Febrile UTI is common in pediatric patients. Approximately 7-8% of girls and 2% of boys have a UTI during the first 8 years of life [17,18]. UTIs can occur as simple bladder infections, or involve the kidneys, leading to renal scarring. Furthermore, kidney injury related to APN has been considered a cause of substantial long-term morbidity [19]. Retrospective studies have suggested that kidney injury related to UTI presents a clinically significant risk, with high subsequent rates of chronic kidney disease, hypertension, and preeclampsia [20,21].
Since the symptoms of UTI in children are nonspecific, diagnosis of APN in patients with UTI often requires examination with DMSA scintigraphy to detect renal parenchymal involvement [22,23]. The level of uptake obtained from DMSA scintigraphy enables kidney function and size to be quantified [24,25]. Currently, some biomarkers are considered more practical and accessible tools capable of estimating kidney injury [26].
NGAL is a 25-kDa protein originally purified from human neutrophils [27]. This protein, which is released from developing nephrons, participates in the conversion of metanephric tissue into glomeruli and proximal renal tubules [28]. NGAL is also expressed at low levels in normal organs and at increased levels in injured epithelia, including the kidney [29]. In recent studies, plasma NGAL has been identified as one of the most reliable biomarkers of kidney injury in pediatric UTI [30-32].
In the present study, Group A and B did not differ significantly with respect to hydronephrosis and APN. Although VUR was slightly more common in Group A, the difference was very small.

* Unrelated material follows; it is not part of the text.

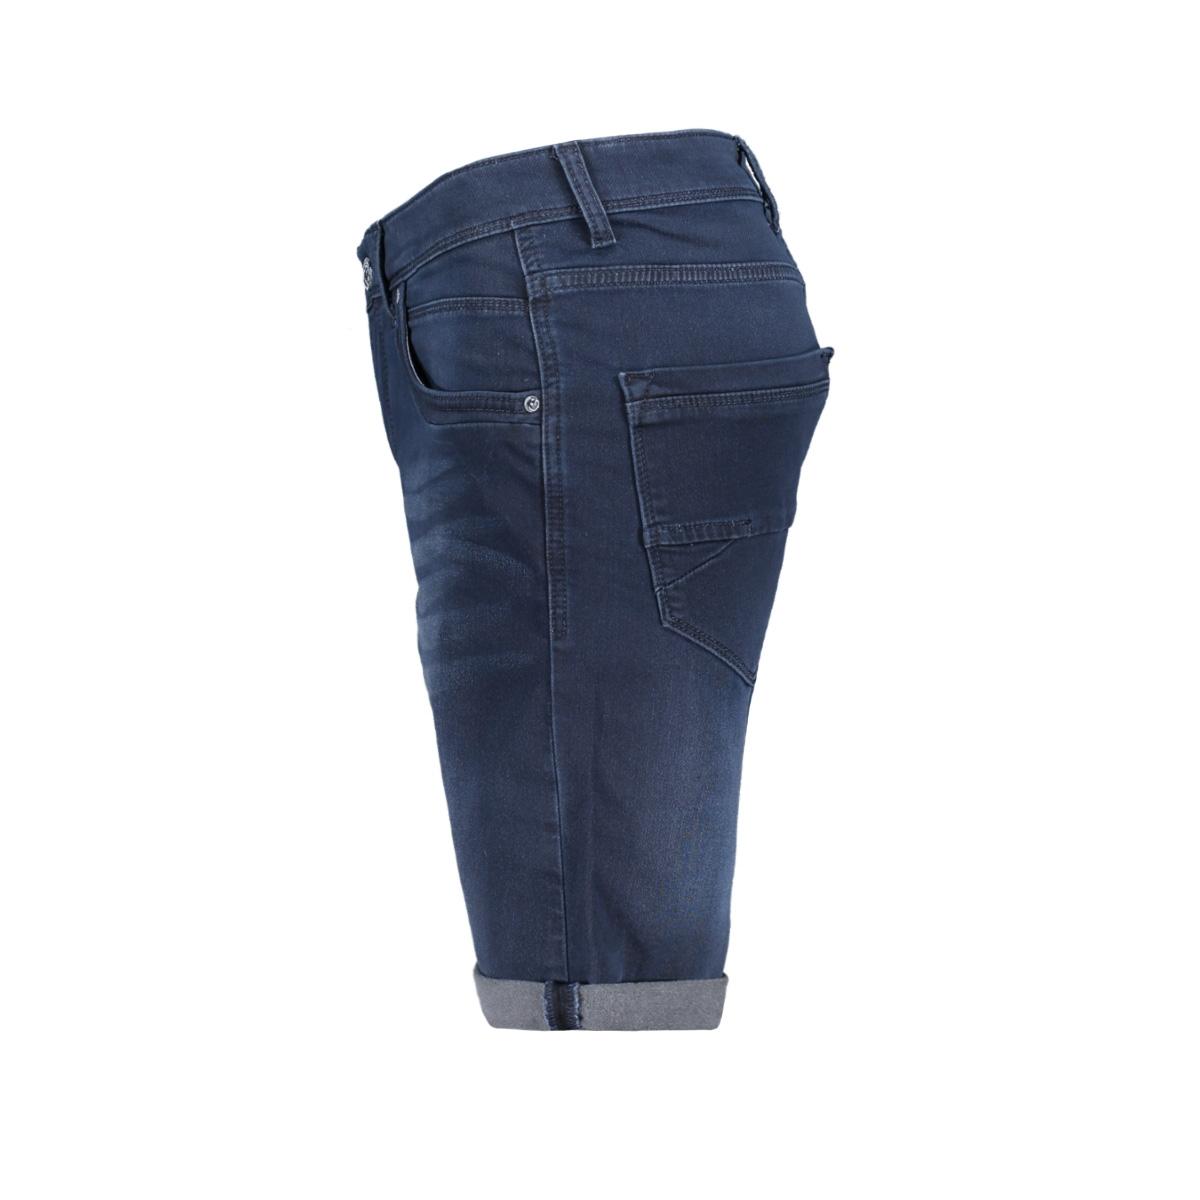 denim short 82690 gabbiano korte broek faded

Radiological diagnosis did not show differences between the two groups; however, plasma NGAL, a biomarker directly associated with kidney injury in UTI, was higher in Group A, showing strong significance.

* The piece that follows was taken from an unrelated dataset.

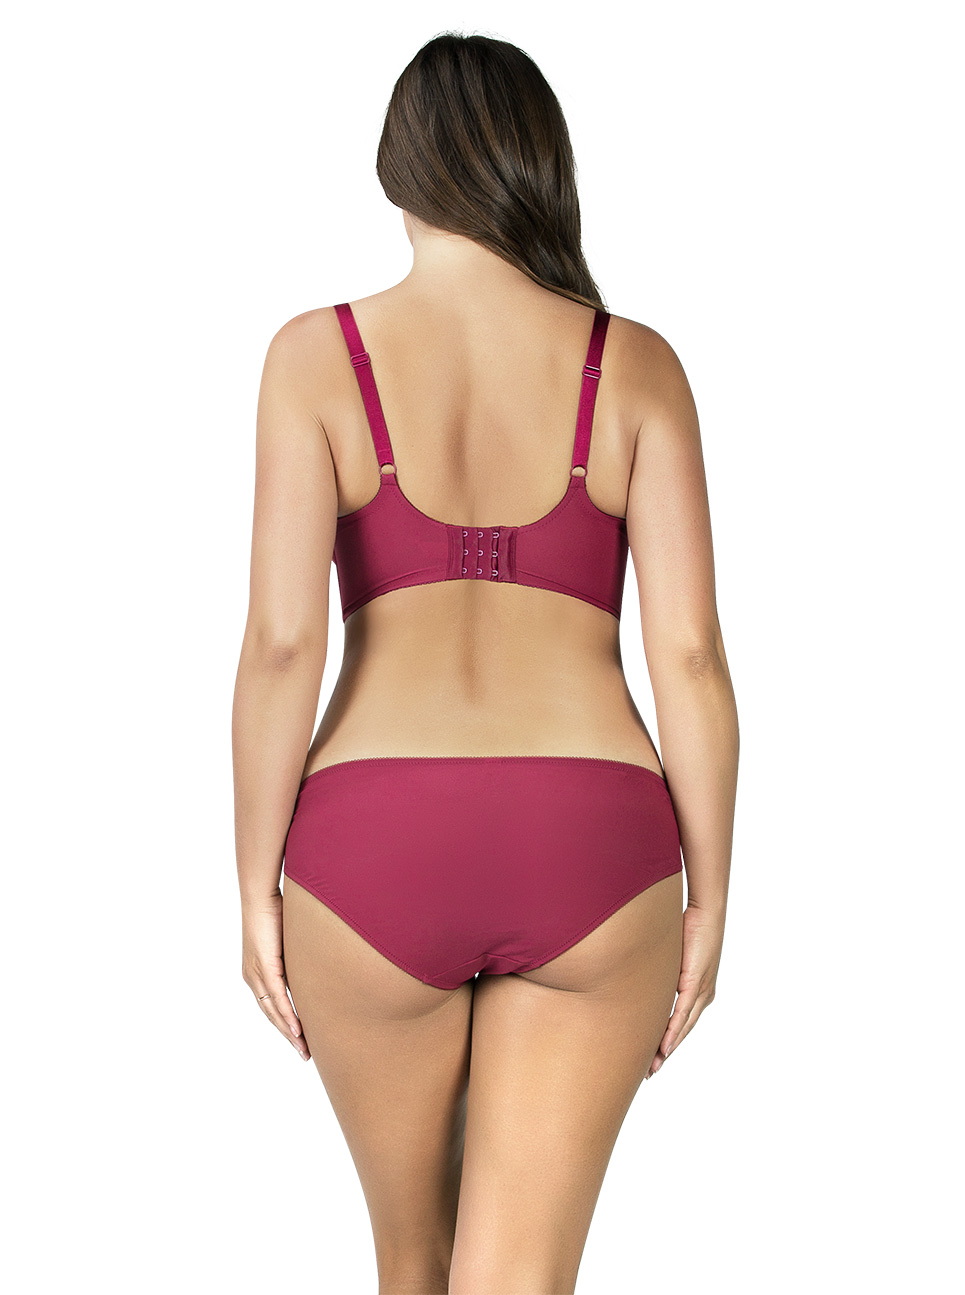 PARFAIT Cora UnlinedLonglineBraP5632 BikiniP5633 Crimson Back - Cora Bikini Crimson P5633

It is believed that these results may be attributed to the limitation of APN assessment via DMSA scintigraphy. Even though it is considered the gold standard for diagnosis of APN, DMSA scintigraphy was limited in identifying renal cortical lesions [33,34]. In other words, APN with no cortical defect may be underestimated due to false negative results on DMSA scintigraphy. However, since plasma NGAL expression is increased in cases with injury to the renal tubular epithelium caused by bacterial infection [35,36], NGAL expression level also increases in APN without renal cortical defects. Therefore, higher plasma NGAL in Group A suggests that patients with small kidneys are more prone to kidney injury during UTI or APN.

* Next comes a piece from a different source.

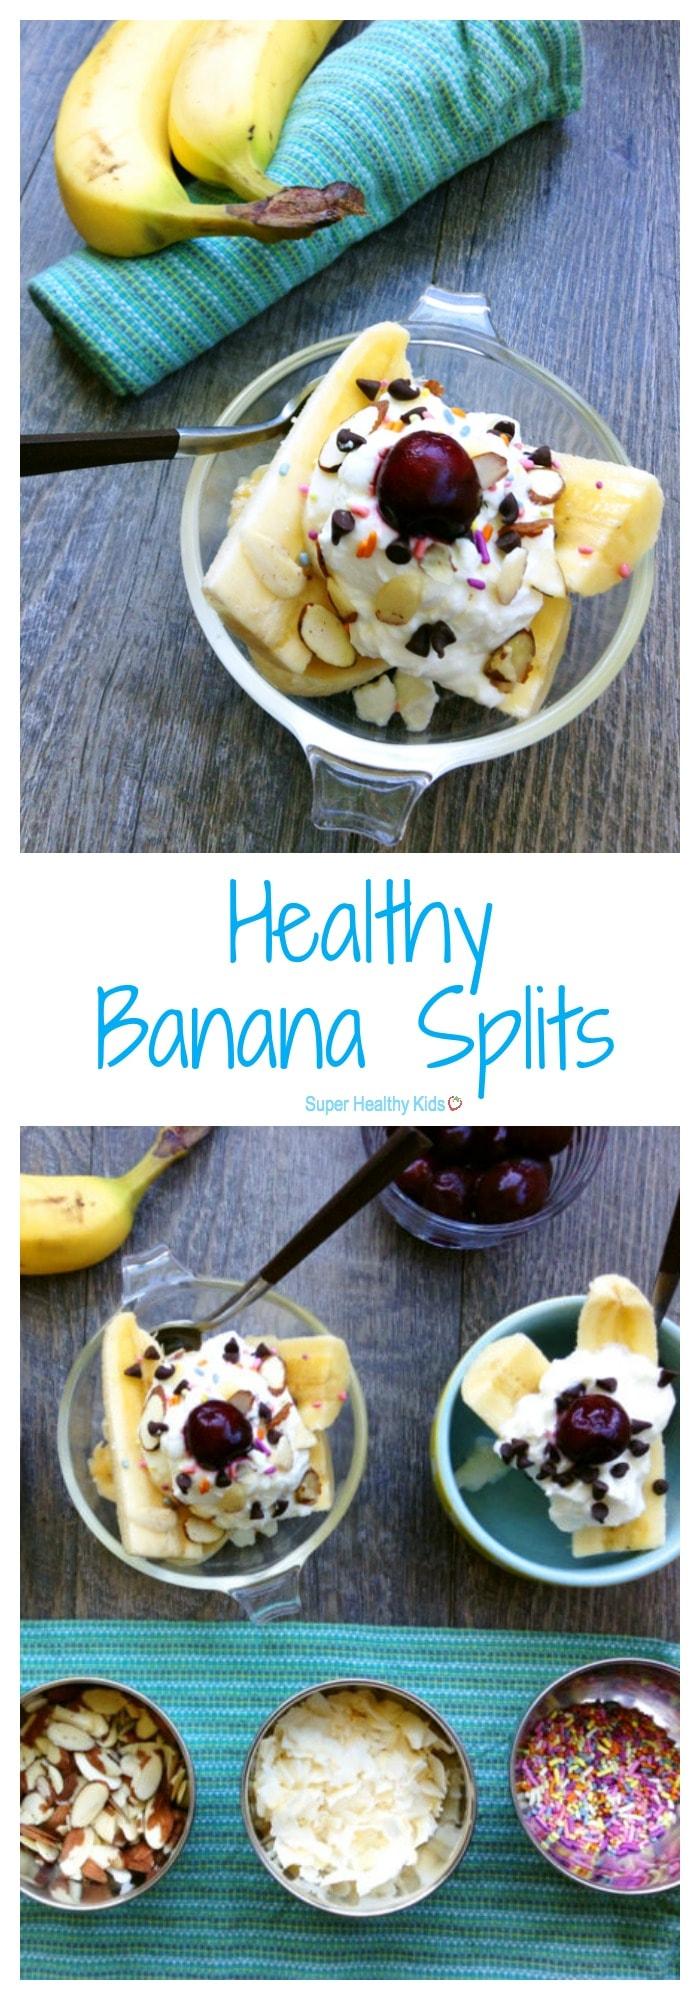 FOOD - Healthy Banana Splits. Turn a traditionally-decadent dessert into a healthful snack with whole milk yogurt, fruit, seeds and dark chocolate chips! https://www.superhealthykids.com/kids-favorite-healthy-banana-split/

Furthermore, a greater difference in uptake on DMSA scan was associated with increased biomarker levels. In particular, when Group A patients showed a difference ≥10 %, the association increased even more. This result could be interpreted as meaning that a smaller kidney sustains a more severe injury.
The present study had some limitations. First, the study was limited to only children at risk for UTI; therefore, generalizing the findings in the study to all children would be problematic. Second, kidney size measurements were only performed with DMSA scintigraphy. This can lead to uncertainty about measurement of kidney size based on cortical uptake, even if a patient selection process did take place. For measuring kidney size more accurately, testing with additional methods such as ultrasonography or computed sonography is needed. Third, this was a single-center study with a small number of registered patients. Therefore, more accurate and generalizable conclusions require multicenter studies with larger sample sizes.

Conclusion

The present study found that children with greater differences in uptake present with more severe clinical features associated with UTI. Therefore, children with uptake difference who develop a UTI require thorough examination for kidney injury and continued monitoring.

Notes

Conflict of interest
No potential conflict of interest relevant to this article was reported.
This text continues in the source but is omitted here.